Archive for October, 2009

Introduction to attempt error reporting library

October 25, 2009

I’ve just released the attempt package on hackage. It is meant to address the issue of error handling, which is currently rather ad-hoc in Haskell. It’s my hope that by putting it in its own package, we can start to standardize between packages and get some nice composable error handling between packages.

The library is built on extensible exceptions to give users the ability to return more complex exception values than is afforded by either a Maybe or (Either String). It’s similar to an (Either SomeException), but provides many class instances, a monad transformer and helper functions.

Below is an HTML version of the literate Haskell example file that is in the attempt repository. Hopefully it will give you a running start on how to use it.

This library should be considered unstable, in that the API is still open to change.
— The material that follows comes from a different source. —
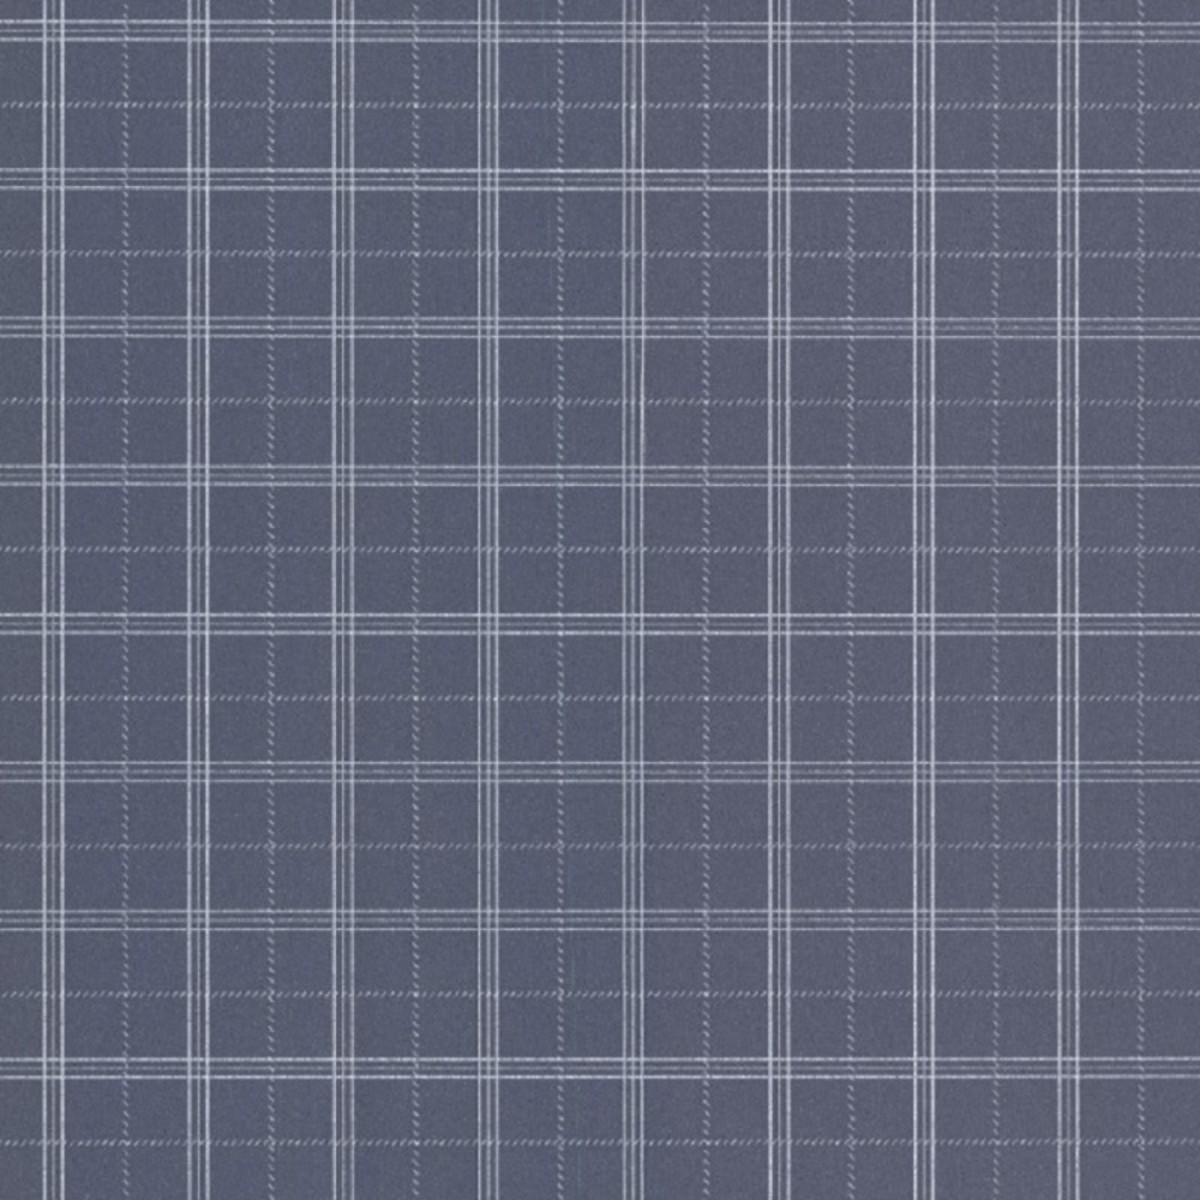 Флизелиновые обои Aura синие FD21205(2604-21205) 0.53 м

As such, I’d appreciate any feedback people have.


This file is an example of how to use the attempt library, as literate
Haskell. We’ll start off with some import statements.
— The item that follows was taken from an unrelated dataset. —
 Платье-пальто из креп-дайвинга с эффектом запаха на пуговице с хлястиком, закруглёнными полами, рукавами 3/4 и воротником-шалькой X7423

> {-# LANGUAGE DeriveDataTypeable #-}
> {-# LANGUAGE ExistentialQuantification #-}
> import Data.Attempt
> import Control.Monad.Attempt
> import qualified Data.Attempt.Helper as A
> import System.Environment (getArgs)
> import Safe (readMay)
> import Data.Generics
> import qualified Control.Exception as E

We’re going to deal with a very simplistic example. Let’s say you have some
text files that need processing. The files are each three lines long. The
first and last line are integers; the second is a mathematical operator (one
of +, -, * and /). Your goal with each file is to simply perform the
mathematical operator on the two numbers. Let’s start with the Operator data
type.

> data Operator = Add | Sub | Mul | Div
> instance Read Operator where
>   readsPrec _ "+" = [(Add, "")]
>   readsPrec _ "-" = [(Sub, "")]
>   readsPrec _ "*" = [(Mul, "")]
>   readsPrec _ "/" = [(Div, "")]
>   readsPrec _ s = []
>
> toFunc :: Operator -> Int -> Int -> Int
> toFunc Add = (+)
> toFunc Sub = (-)
> toFunc Mul = (*)
> toFunc Div = div

Nothing special here (besides some sloppy programming). Let’s go ahead and
write the first version of our process function.
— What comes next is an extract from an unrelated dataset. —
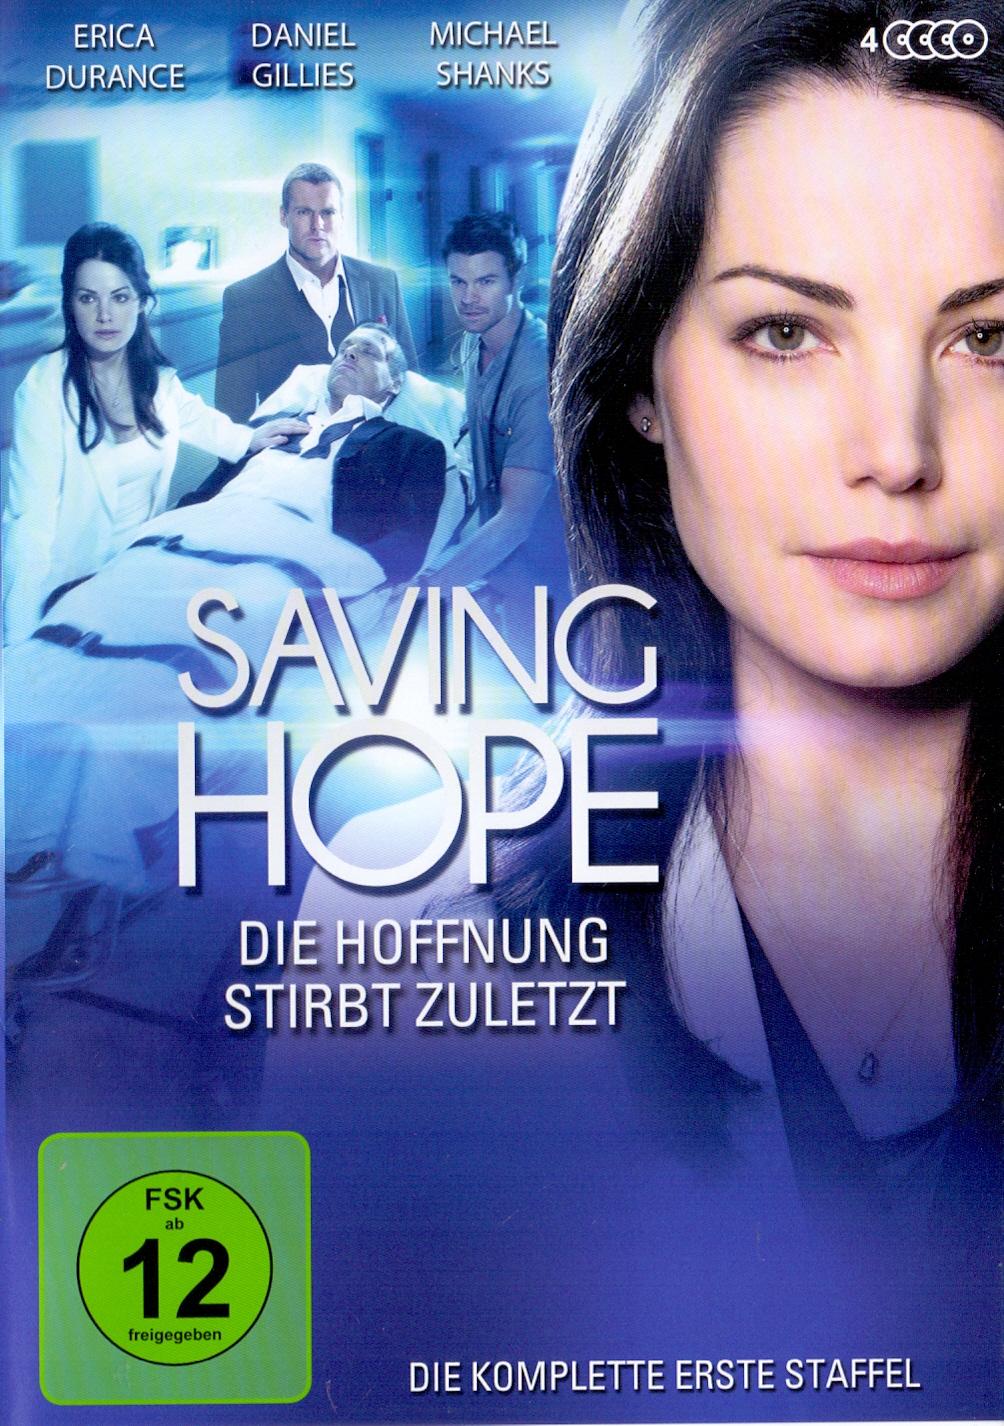 Saving Hope - Die Hoffnung stirbt zuletzt: Die komplette erste Staffel [4 DVDs]

> process1 :: FilePath -> IO Int
> process1 filePath = do
>   contents <- readFile filePath -- IO may fail for some reason
>   let [num1S, opS, num2S] = lines contents -- maybe there aren't 3 lines?
>       num1 = read num1S -- read might fail
>       op   = read opS   -- read might fail
>       num2 = read num2S -- read might fail
>   return $ toFunc op num1 num2

If you test this function out on a valid file, it works just fine. But what
happens when you call it with invalid data? In fact, there are five things
which could go wrong that I’d be interested in dealing with in the above code.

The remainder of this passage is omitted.